So the more I think about the less sure I am that I want a second horse. I love my Gen to bits and pieces, but I don’t think I can call horse ownership an easy experience. What would I do if my second horse was injured and had to be retired as well? There is just no possible way that I could ever afford 3 horses, I can do two, but that is with scrimping. To pay for two pasture pets and then still have money left over for lessons, showing, extra rides, etc…that is just not in my relm of possibility.

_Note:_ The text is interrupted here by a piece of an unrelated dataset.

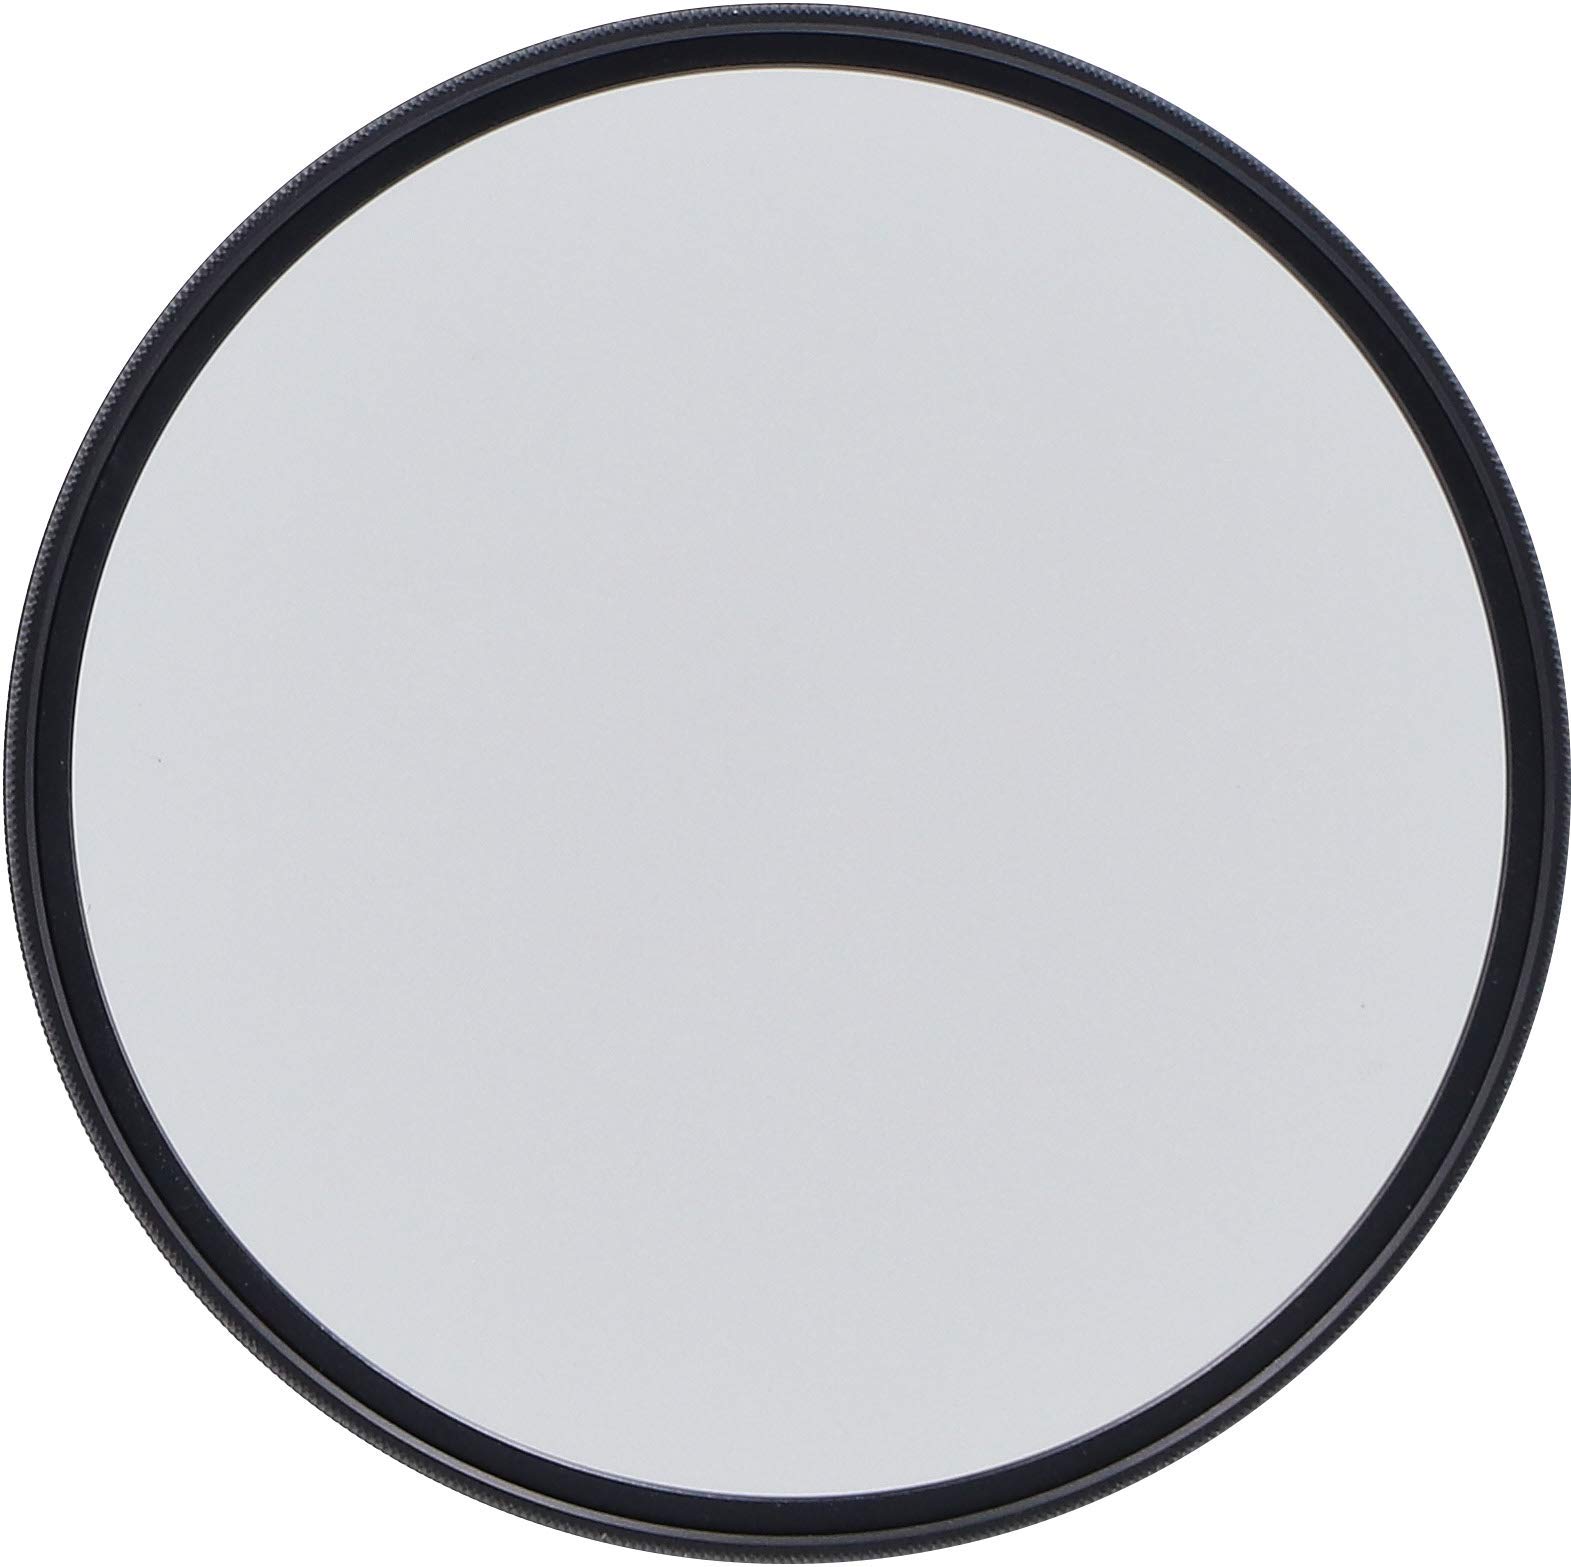 Rollei F:X Pro Rundfilter (67 mm, CPL-Filter) Schraubfilter aus Gorilla®* Glas mit hoher Farbtreue und Reflexionsfreiheit

And speaking of scrimping I had a big ah-ha moment when I was out to breakfast with Boomerang and Marissa last week. There is a huge difference between being able to physically afford to keep a horse and being able to afford to keep a horse the way I want to keep a horse. If I get a riding horse I would like to be able to keep it at an indoor. In my area the average indoor with good care is about $800 a month, not counting any of the extras like holding for the vet, trailer parking, blanket changes, etc. I could afford two horses, but my riding horse would have to live outside (Gen is not a living outside kind of guy) for the much more affordable price of $300-400 a month. It is like buying a Lexus, but not having automatic locks (and no, I could never afford a Lexus, I am just trying to find a way to explain).
I would also need to be much more careful about my spending if I have two horses. Last summer was the first time in a long time that I could afford to go on a vacation. The only reason I could afford it was because I didn’t have the expenses of a second horse. It has been nice to not burst in to tears when I get an unexpected bill. I know that if I went back to two horses that would also mean I would be back to a life of very careful spending. I could manage with two, but life is easier with only one. I work full time and chose a job to make a difference, not to get rich. Unless I suddenly win $200 million in the lottery my life is going to be this way forever.
Time wise two horses seems to take up three times the amount of time on a normal day. I used to feel guilty on the days when I could only see one horse (Gen always won). There was also never a day with a quick run to the barn. If I pampered one I felt obligated to go and pamper the other. That would mean that even on just a grooming day I would be spending 2 plus hours getting to the barns, grooming and getting home. Now with Gen on a rush day I can keep things under an hour. To ride, groom and fuss over two would easily be five hours. That does not leave me a lot of time for any of the fun stuff.
Do I want another horse someday? Absolutely. I want to do this horse ownership thing right though. When I got Gen I was in grad school and money and time were huge issues. There was so muchI wanted to do with Gen that I couldn’t. I can still clearly remember trying to fit in a whole year of showing with all fees for under $500. I don’t want to do that again. If the right horse comes along I will have to reevaluate, but for now I think that I should just focus on having Gen. Sometimes I forget that I am still young. I can get into this way of thinking that makes me feel like my life is ruined if I have not done X,Y and Z by the time I am 30 (which is crazy because 30 is really young in the scheme of things!) I start thinking how want to show here and there, get these scores, clinic with this person, etc. and I should be much farther along by now. I had a plan in my head when I got Gen that we would be at 3rd level right now and I would be getting my USDF bronze this year. When I start thinking like that I need to take a deep breath and remember that I still have tons of time. Things never work out as planned in my world and even if Gen was in perfect health who knows if he could have ever done 3rd level movements? I need to relax and remind myself that life is a journey. As much as I want him to, Gen isn’t going to live forever. He will not be the only horse I ever own unless I want him to be. I can still have a horse if I ever get married or have kids. If I get a second horse I want the sky to be the limit, not my wallet.
Does that make any sense to anyone besides me? I just want my next horse to be all about joy, not stress. I have proved that with scrimping and planning I can have two horses, but that doesn’t mean that it is the best thing for me, at least not right now. I am still going to look at ads, rescue sites, etc, but I also think that deep down I am really just a one horse kind of girl.